Автор книги: Уильям Моэм
Жанр: Зарубежная классика, Зарубежная литература
Возрастные ограничения: +16
сообщить о неприемлемом содержимом
Текущая страница: 3 (всего у книги 16 страниц) [доступный отрывок для чтения: 4 страниц]
– Не очень ты жалуешь моих родителей, – мягко сказал Чарли.
Саймон будто и не слышал.
– Мы мигом с тобой поладили. Этот зануда Гёте назвал бы наши отношения родством душ. Ты дал мне то, чего у меня никогда не было. Я никогда не знал, что значит быть мальчишкой, а с тобой я был мальчишкой. С тобой я забывался. Я тебя изводил и высмеивал, помыкал и пренебрегал тобой, но при этом обожал. С тобой я чувствовал себя на диво легко. С тобой я мог быть самим собой. Такой ты был непритязательный, веселый и добродушный, так легко было тебя обрадовать, рядом с тобой мои измученные нервы отдыхали, и та неистовая сила, что без конца меня погоняла, ненадолго меня отпускала. Но не хочу я отдыха, не хочу, чтобы меня отпускало. Когда я гляжу на твою милую, застенчивую улыбку, моя воля мне изменяет. Не могу я себе позволить быть податливым, не могу себе позволить нежности. Когда я гляжу в твои синие глаза, такие дружелюбные, такие доверчивые, мне изменяет твердость, а я должен быть тверд. Ты мой враг, ненавижу тебя.

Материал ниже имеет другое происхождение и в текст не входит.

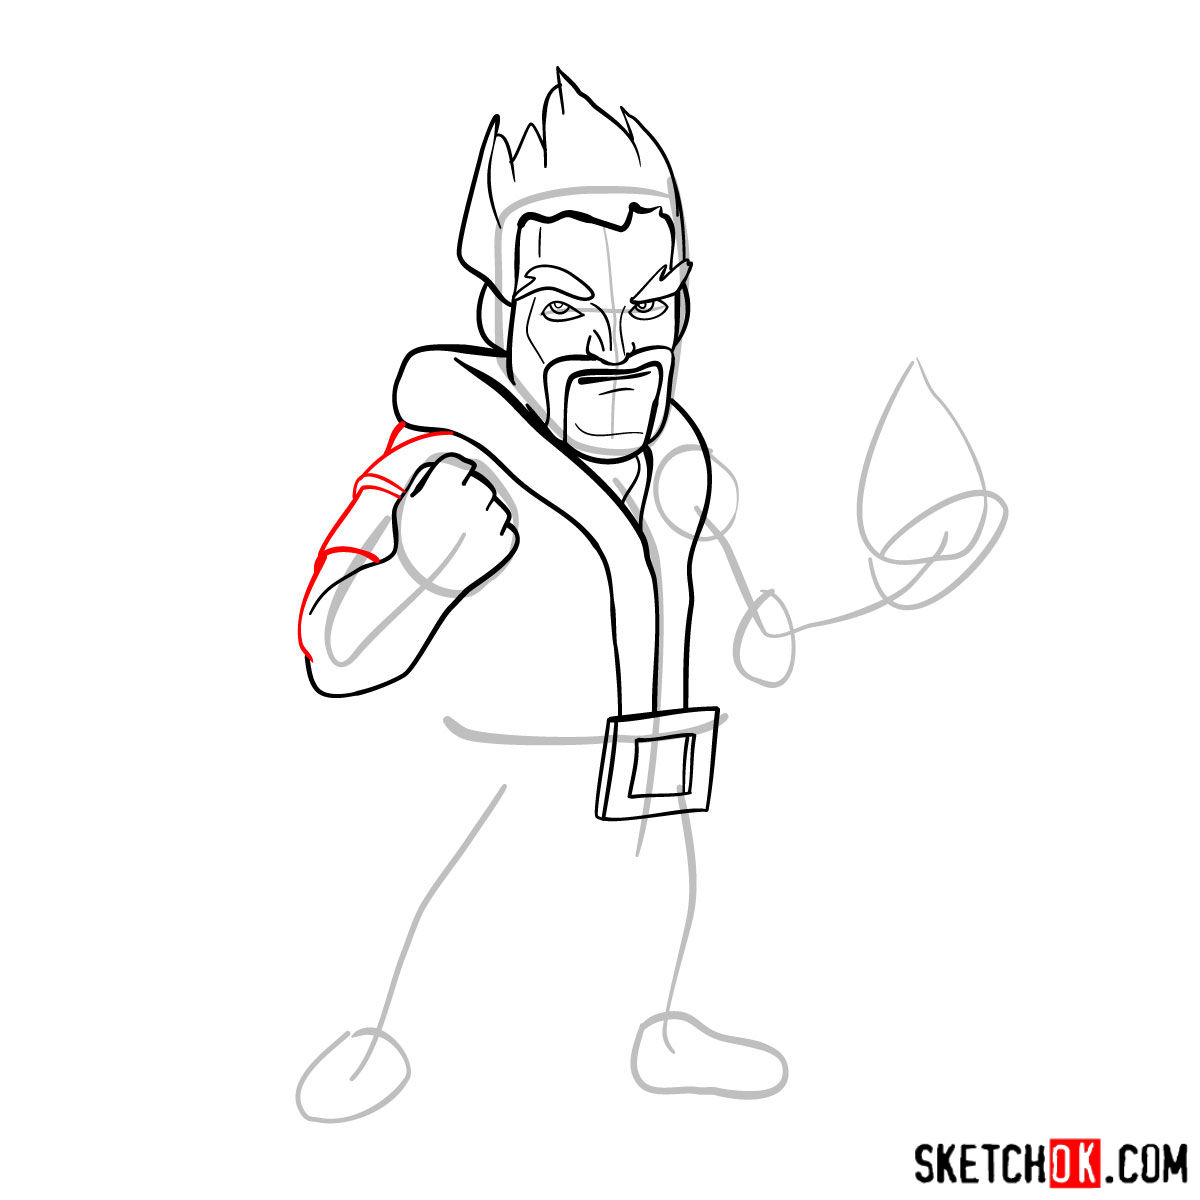 How to draw Ice Wizard from Clash of Clans - step 07

Иные слова Саймона сбивали Чарли с толку, вгоняли в краску, но сейчас он добродушно усмехнулся.
– Ох, Саймон, ну какую ерунду, какой вздор ты несешь.
Саймон пропустил его слова мимо ушей. Он впился в Чарли своими блестящими неистовыми глазами, будто хотел проникнуть в самые глубины его существа.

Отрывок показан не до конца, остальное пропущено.